- **Data**
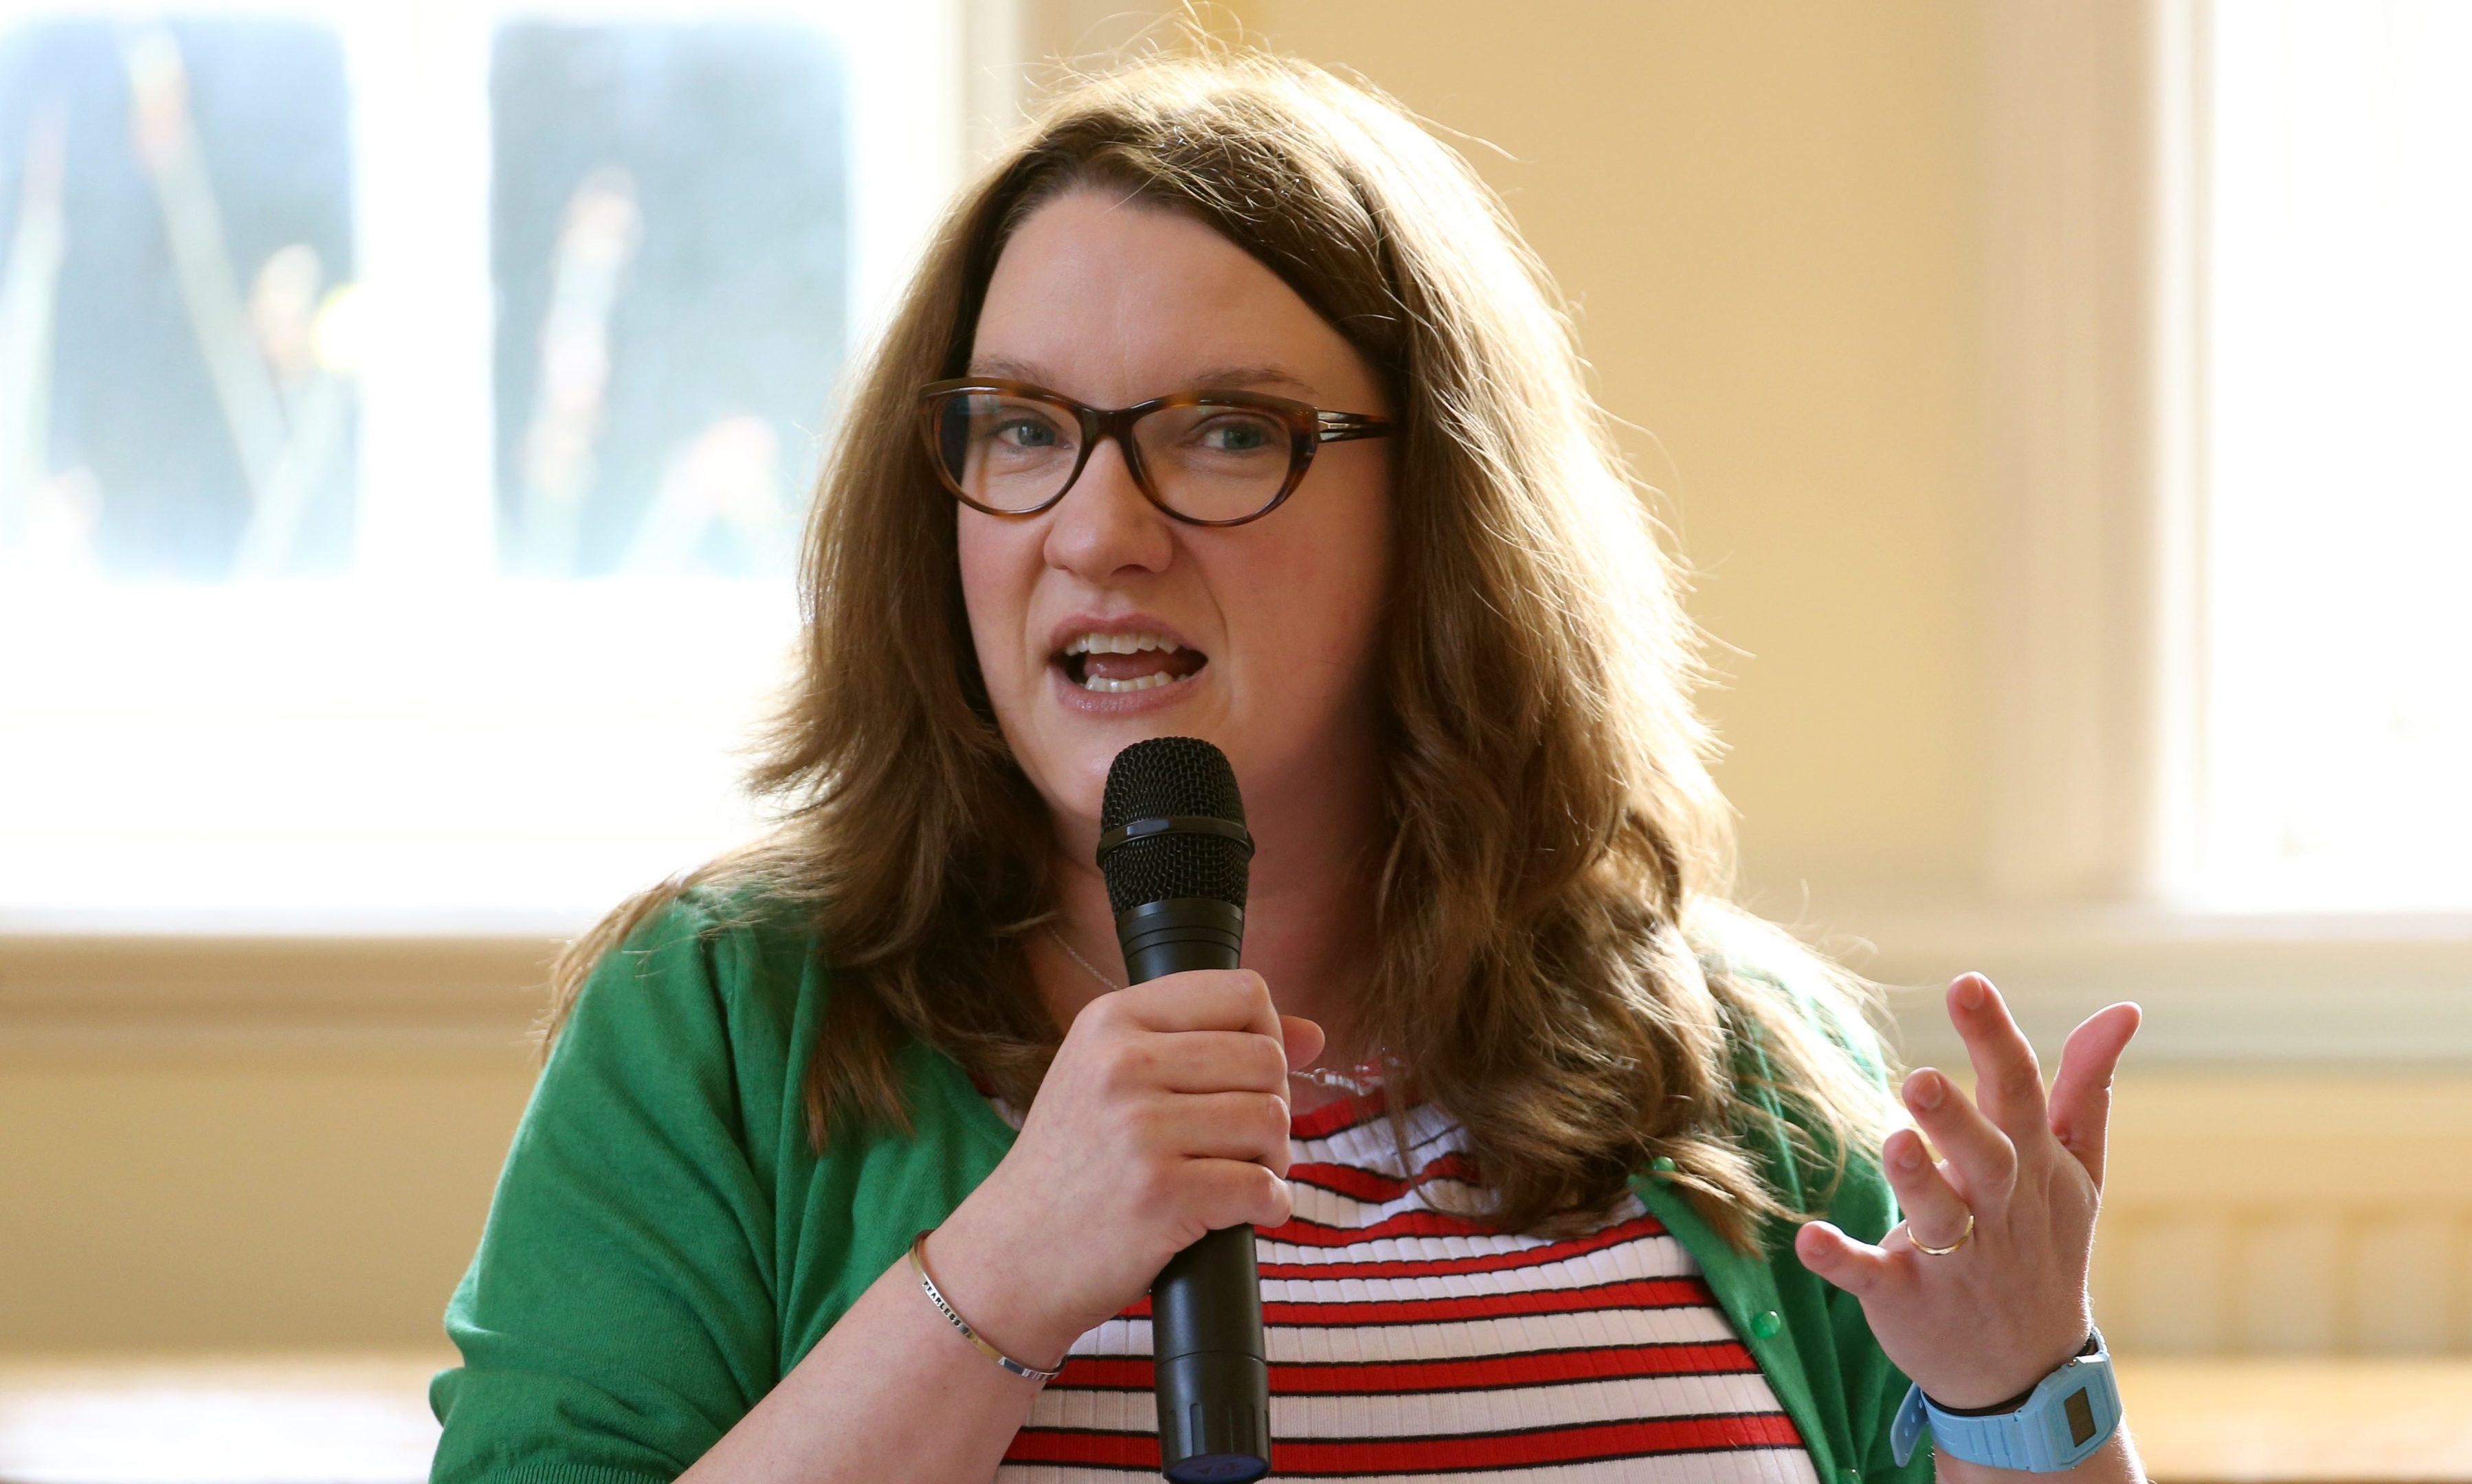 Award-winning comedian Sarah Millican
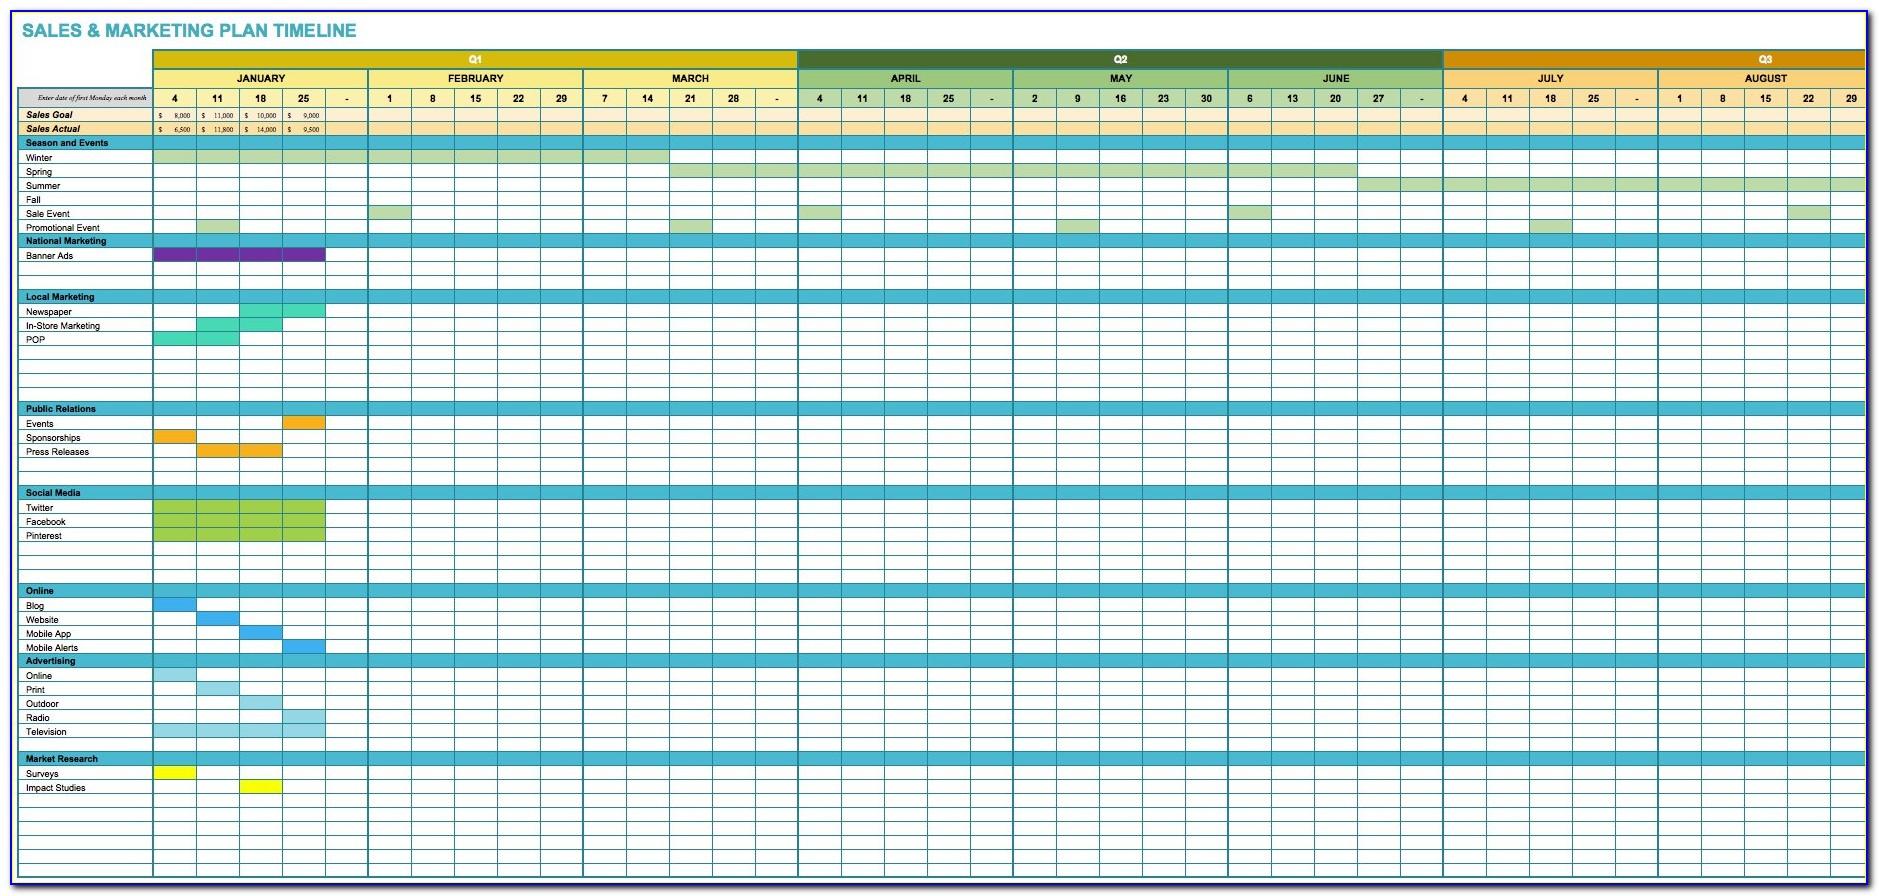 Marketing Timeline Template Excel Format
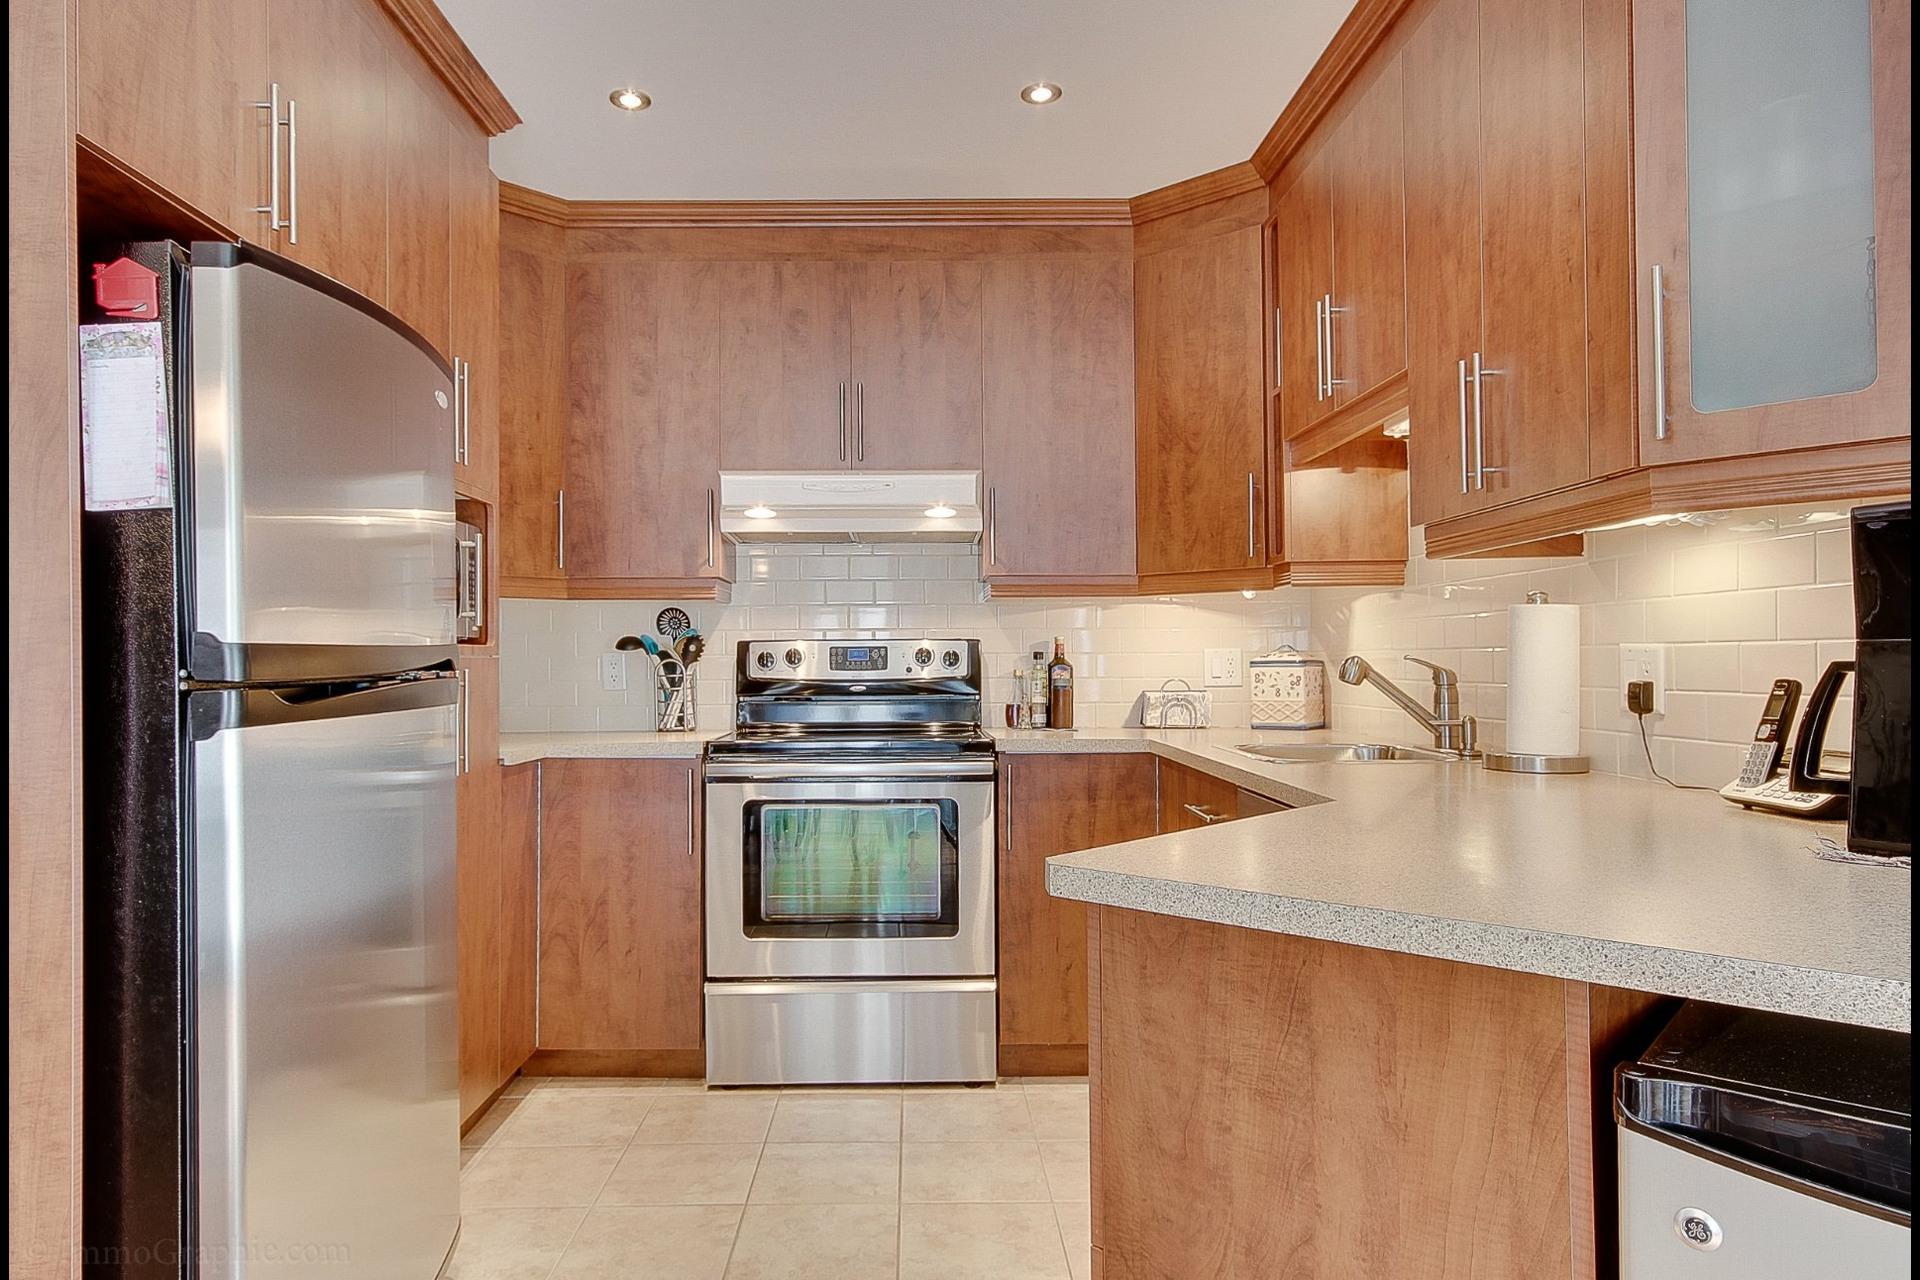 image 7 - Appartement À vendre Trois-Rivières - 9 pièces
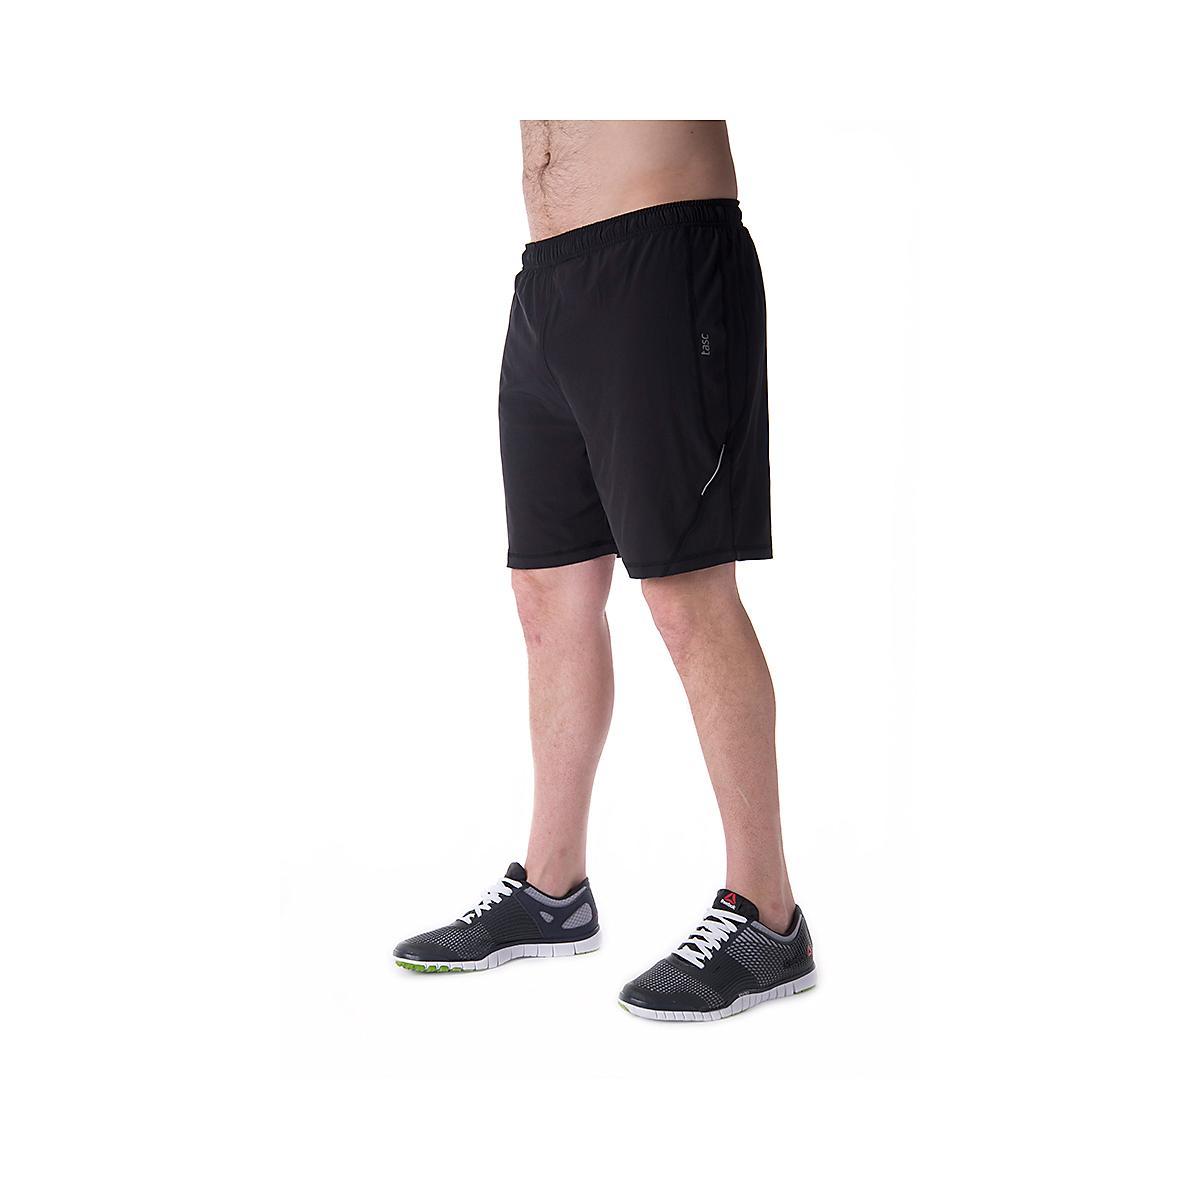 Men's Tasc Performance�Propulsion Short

- **About this task**
Having located the line with "image 7 - Appartement", copy it exactly along with every later line through the end of the listing above, but omit the pictures.

- **Response box**
 image 7 - Appartement À vendre Trois-Rivières - 9 pièces
 Men's Tasc Performance�Propulsion Short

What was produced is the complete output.